FHL families: In Japan HLH Study Group, total 57 Japanese patients fulfilled the diagnostic criteria of FHL and their family members were registered and the clinical data were collected from each family. Since the majority of FHL patients in Japan were registered in our study, it is thought that our data reflect the epidemiology of FHL in Japanese.

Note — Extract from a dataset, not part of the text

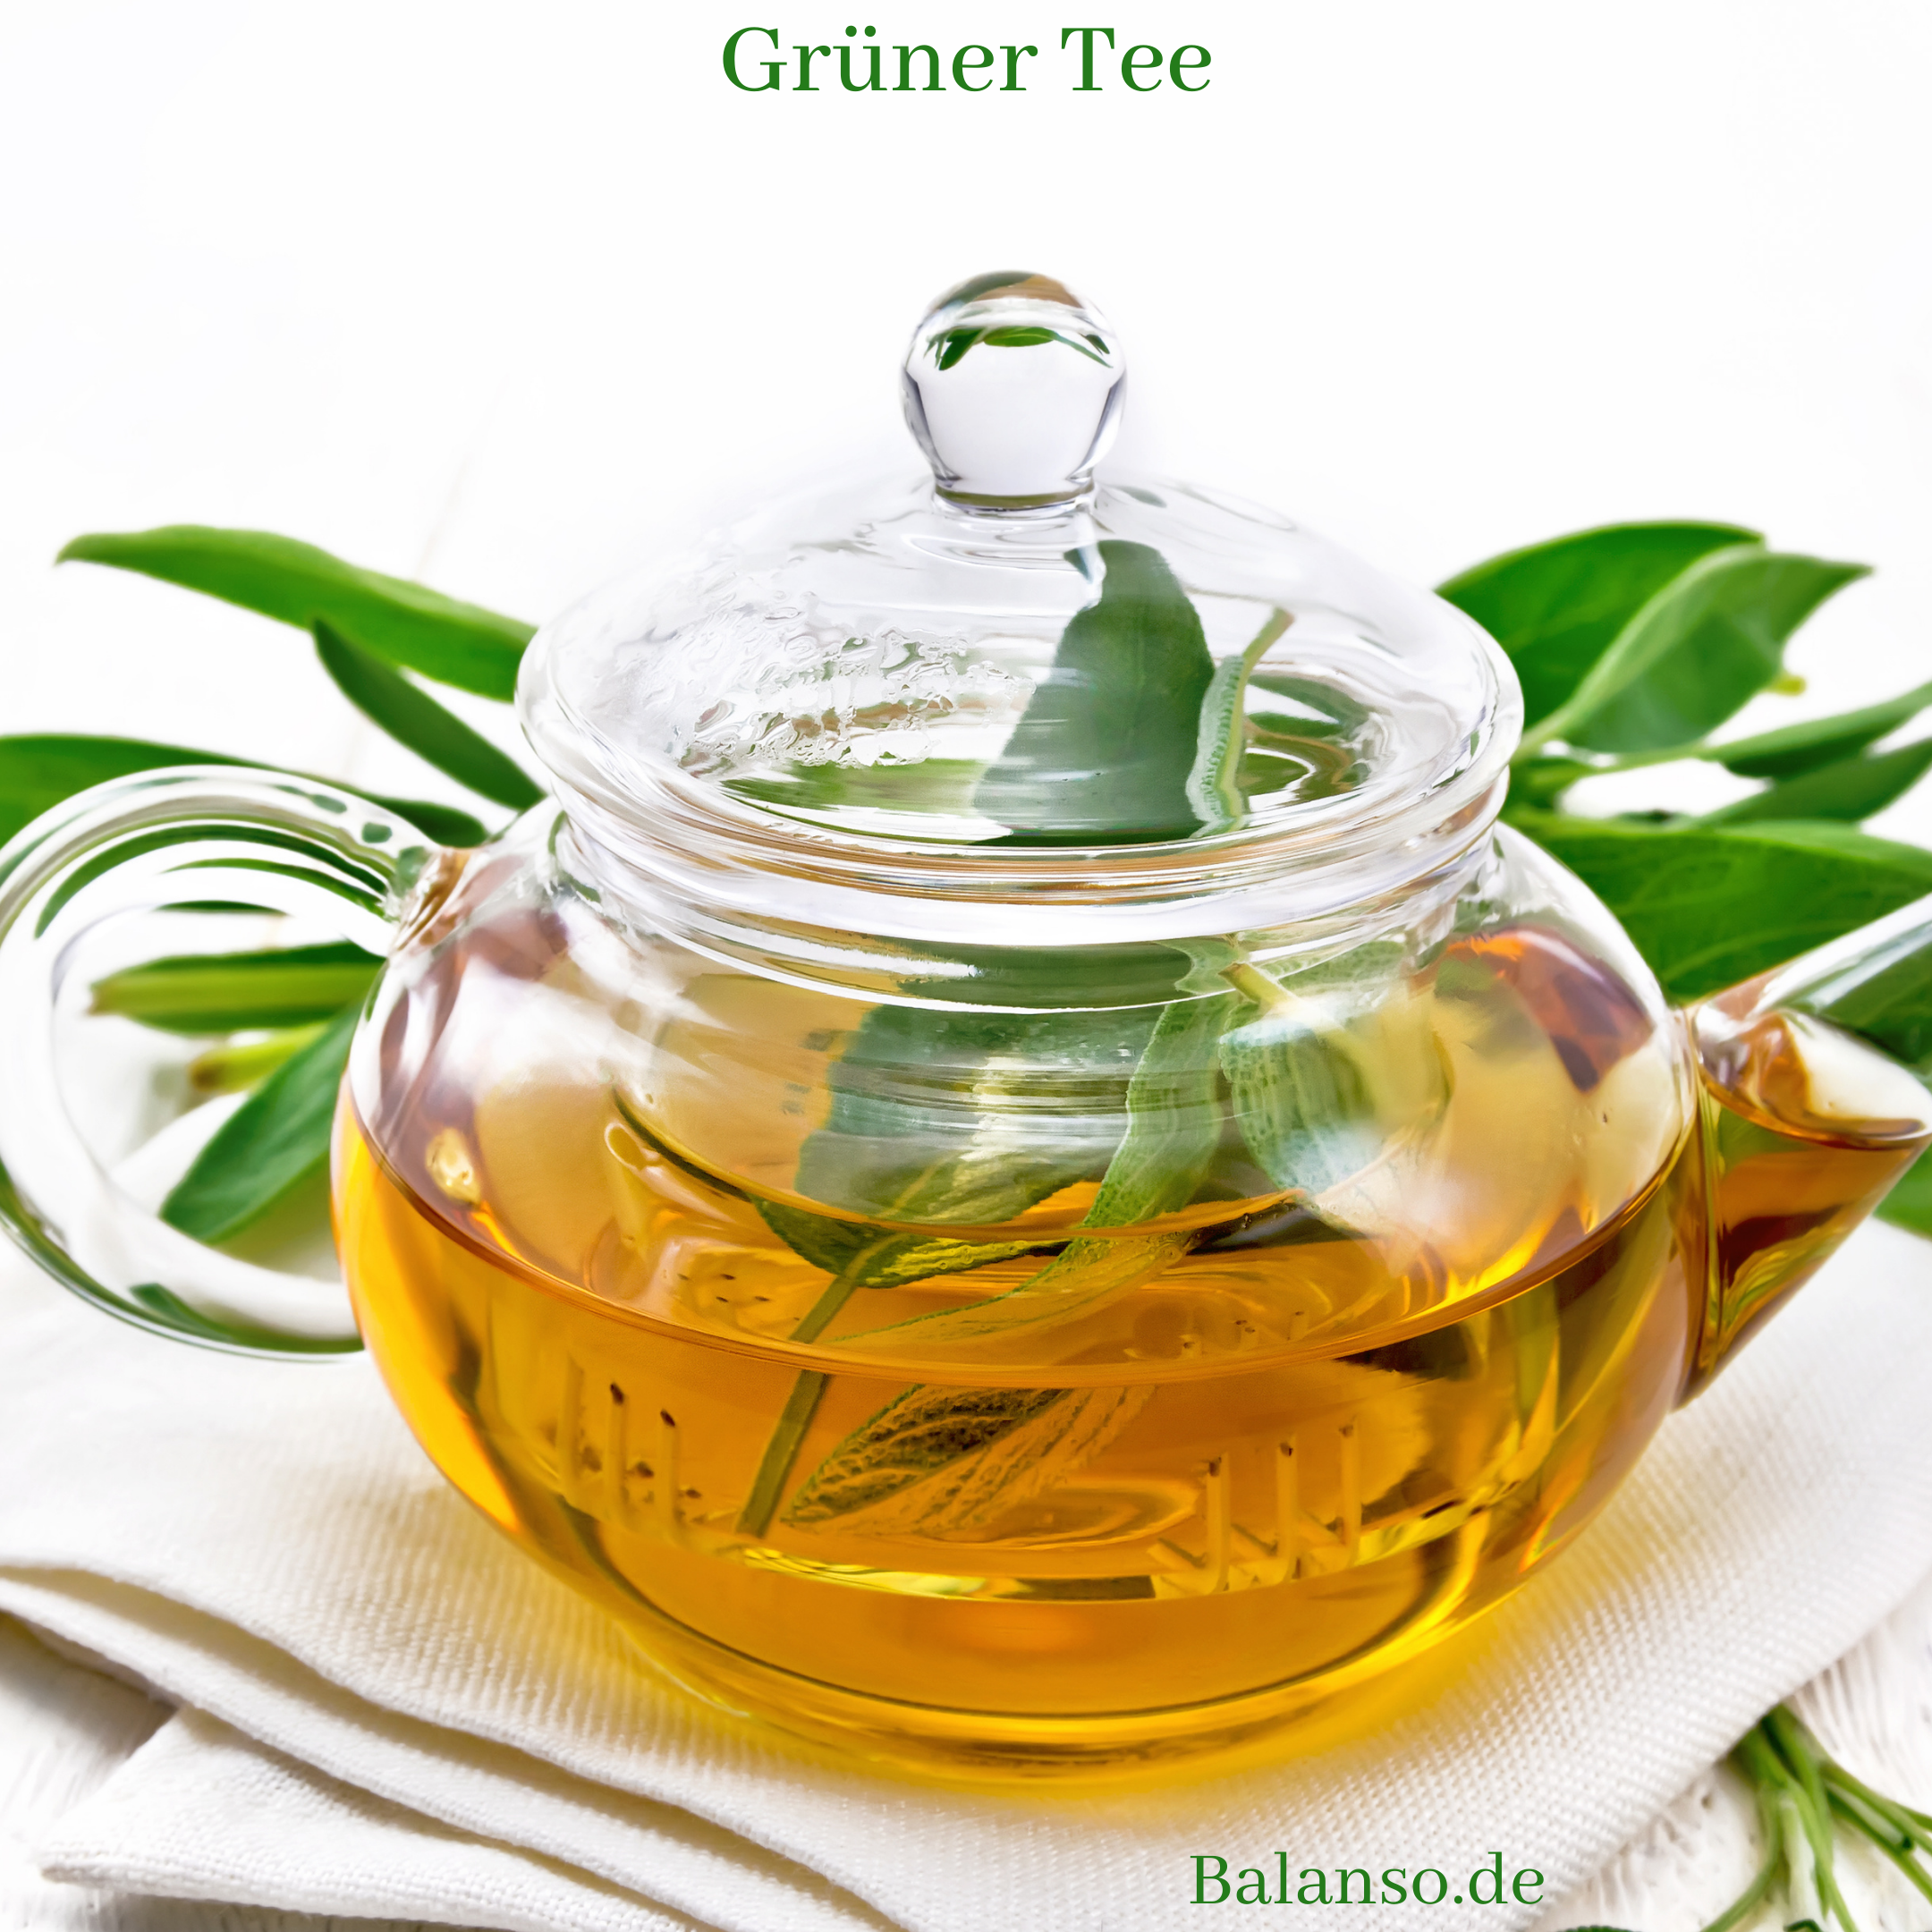 Grüner Tee – Die magischen Blätter zum Entschlacken

Results: Among 57 patients registered in this study, PRF1 mutations were detected in 11 patients (FHL2), whereas 8 showed mutations of MUNC13–4 gene (FHL3). When the clinical findings were compared, the FHL2 patients with PRF1nonsense mutation showed early onset, while the onset of those with both PRF1 missense mutation and MUNC13–4 mutation was late. Alloantigen-specific CD8⁺ CTL lines were established from the FHL patients and their healthy parents. The degrees of cytotoxicity mediated by CTL lines generated from the patients with various FHL subtypes were compared. CTLs generated from the FHL2 patients with PRF1 nonsense mutation exerted no antigen-specific cytotoxicity. The cytotoxicity of CTLs from the patients with MUNC13–4 mutation was low but still remained, whereas cytotoxicity of CTLs from those with PRF1 missence mutation appeared to be moderate. By Western blot analysis, the missense mutant PRF1 gene also produced full length protein, but the active mature form was markedly reduced, indicating that the proteolytic cleavage of perforin is inhibited in these patients.

Conclusion: The present study demonstrates that the subtypes of FHL can be classified by the patterns of genetic mutation and dysfunction of CTLs responsible for the pathogenesis of FHL. Although it has been established that allogeneic hematopoietic stem cell transplantation (HSCT) is a sole curative therapy for FHL, early identification of genetic defects and cytotoxic activity of CTLs may confirm whether HSCT should be really needed in each patient.